10 Differentiation

We often want to be able to find the gradient of a curved line. For that we need a new technique, called differentiation, that will give us a rule (a new function) to work out the gradient at any point on the curve.

10.1 The tangent to a curve

The gradient at a point on a curve is the same as the gradient of the tangent at that point. A tangent to a curve is a straight line that just touches curve at that point. Below is a picture of the tangent to the curve when \(x=5\). You can open up the graph and move the point around with the slider.

Notice that the gradient will change depending on which value of \(x\) you use.
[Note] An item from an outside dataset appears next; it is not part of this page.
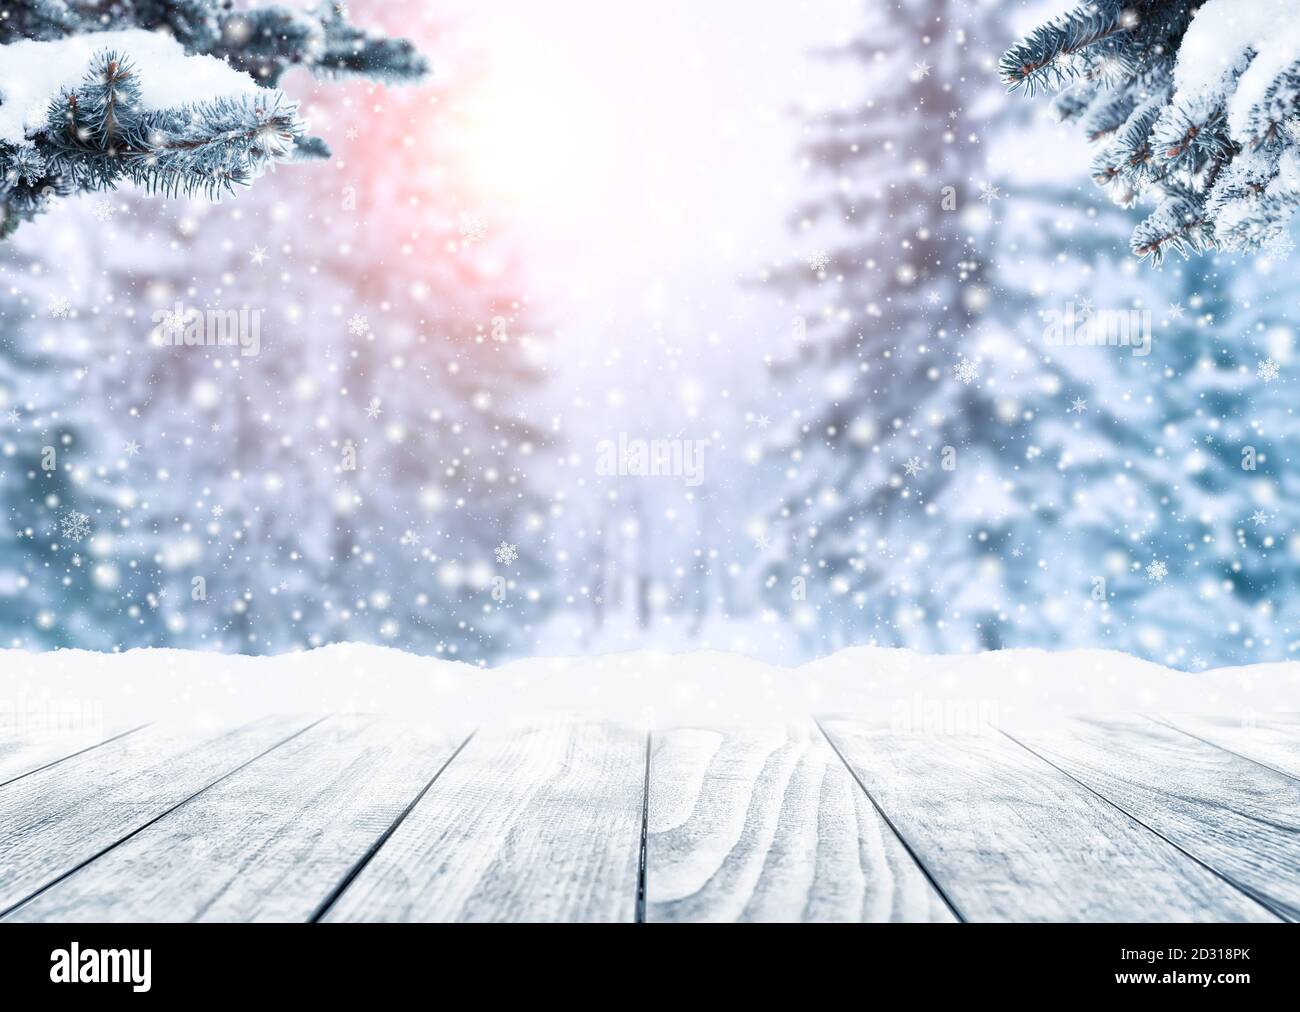 Holztischplatte auf Winter sonnige Landschaft mit Tannen. Frohe Weihnachten und frohes Neues Jahr Gruß Hintergrund. Winterlandschaft mit Schnee und Schnee Stockfoto

10.2 The rules of differentiation

Luckily finding the rule to get the gradient of a curve is straight forward. The language we use for this process is like this. When function is differentiated a new function, the derivative, is found. The derivative enables you to find the gradient. There are lots of ways write this in mathematical notation. Here are the most common.

original function	derivative
\(y\)	\(\frac{dy}{dx}\)
\(f(x)\)	\(f'(x)\)

\(\frac{dy}{dx}\) is pronounced ‘dee \(y\) by dee \(x\)’, and \(f'(x)\) is read as ‘f dash of \(x\)’.

The rule for differentiating polynomials (functions made up of adding different powers of \(x\))is:

Note

if \(y=ax^n\) then \(\frac{dy}{dx} = anx^{n-1}\), or,
if \(f(x)=ax^n\) then \(f'(x) = anx^{n-1}\) Times by the power, then take one off the power

Here are some examples:

If \(y = 3x^4\) then \(\frac{dy}{dx} = 3 \times 4 \times x^{4-1} = 12x^3\)

Multiple terms added together are differentiated one by one then added together:

\[ \begin{aligned} y &= 6x^3 + 2x^2 + 4x + 5 \\ &= 6x^3 + 2x^2 + 4x^1 + 5x^0 \\ \frac{dy}{dx} &= 3\times6x^{3-1} + 2\times 2x^{2-1} + 1\times 4x^{1-1} + 0\times5x^{0-1} \\ &= 18x^2 + 4x^1 + 4x^{0} + 0 \\ &= 18x^2 + 4x + 4 \end{aligned} \]

In the above example we’ve used the following mathematical facts:

\(x=x^1\), \(x\) on it’s own is \(x^1\)
\(x^0=1\), you can always multiply by \(x^0\) since it’s \(1\)
\(0 \times a = 0\) anything times zero is zero

The take away from this is that constant terms, terms without \(x\) in, disappear, and terms with just \(x\) in loose the \(x\).

Try these questions to get to grips with the rules of differentiation.

10.3 Finding gradient at a point

To find the gradient at a point. Differentiate the original function and then substitute the \(x\) value of the point into the derivative.

For example to find the gradient when \(x=3\) for the function \(y=x^2\). We would differentiate and then substitute in \(x=3\).

\[ \begin{aligned} y &= x^2 \\ \frac{dy}{dx} &= 2x \\ &= 2(3) \\ &= 2 \times 3 \\ &= 6 \end{aligned} \] So the gradient at \(x=3\) on the curve \(y=x^2\) is \(6\).

Economics example

If a firm’s total cost of producing \(Q\) units is:

\[ TC = 3Q^2 + 10Q + 50 \]

economists often want to know how much it costs to increase output by one unit when production is already at some specific level. This extra cost is called the marginal cost at that level. It is found by differentiating total cost with respect to quantity and evaluating at the output level in question:

\[ MC = \frac{dTC}{dQ} = 6Q + 10 \]

For example, if the firm is currently producing \(Q = 5\) units, the marginal cost is:

\[ MC = 6(5) + 10 = 40 \]

This means that when output is 5 units, the next unit adds approximately £40 to total cost. The derivative gives the rate of change at a particular point; economists call that rate the marginal cost when it measures the cost of one more unit at the current output level.

Economics example

Cost functions in economics often involve fractional powers. Suppose a firm’s total cost is:

\[ TC = 5Q^{1.5} + 100 \]

Using the power rule, the marginal cost is:

\[ MC = \frac{dTC}{dQ} = 1.5 \times 5 \times Q^{0.5} = 7.5Q^{0.5} \]

Notice that the exponent \(1.5\) becomes \(0.5\). Because the cost function contains a fractional power, the gradient is different at every value of \(Q\). This means marginal cost is not a single number; it depends on where you are on the curve. You must always specify the output level when you quote a marginal cost.

When \(Q = 4\):

\[ MC = 7.5 \times 4^{0.5} = 7.5 \times 2 = 15 \]

So at an output of 4 units, the 5th unit adds approximately £15 to total cost.

A graph showing a marginal cost curve with a fractional power, MC equals 7.5 times the square root of Q. The point at Q equals 4 has a value of MC equals 15.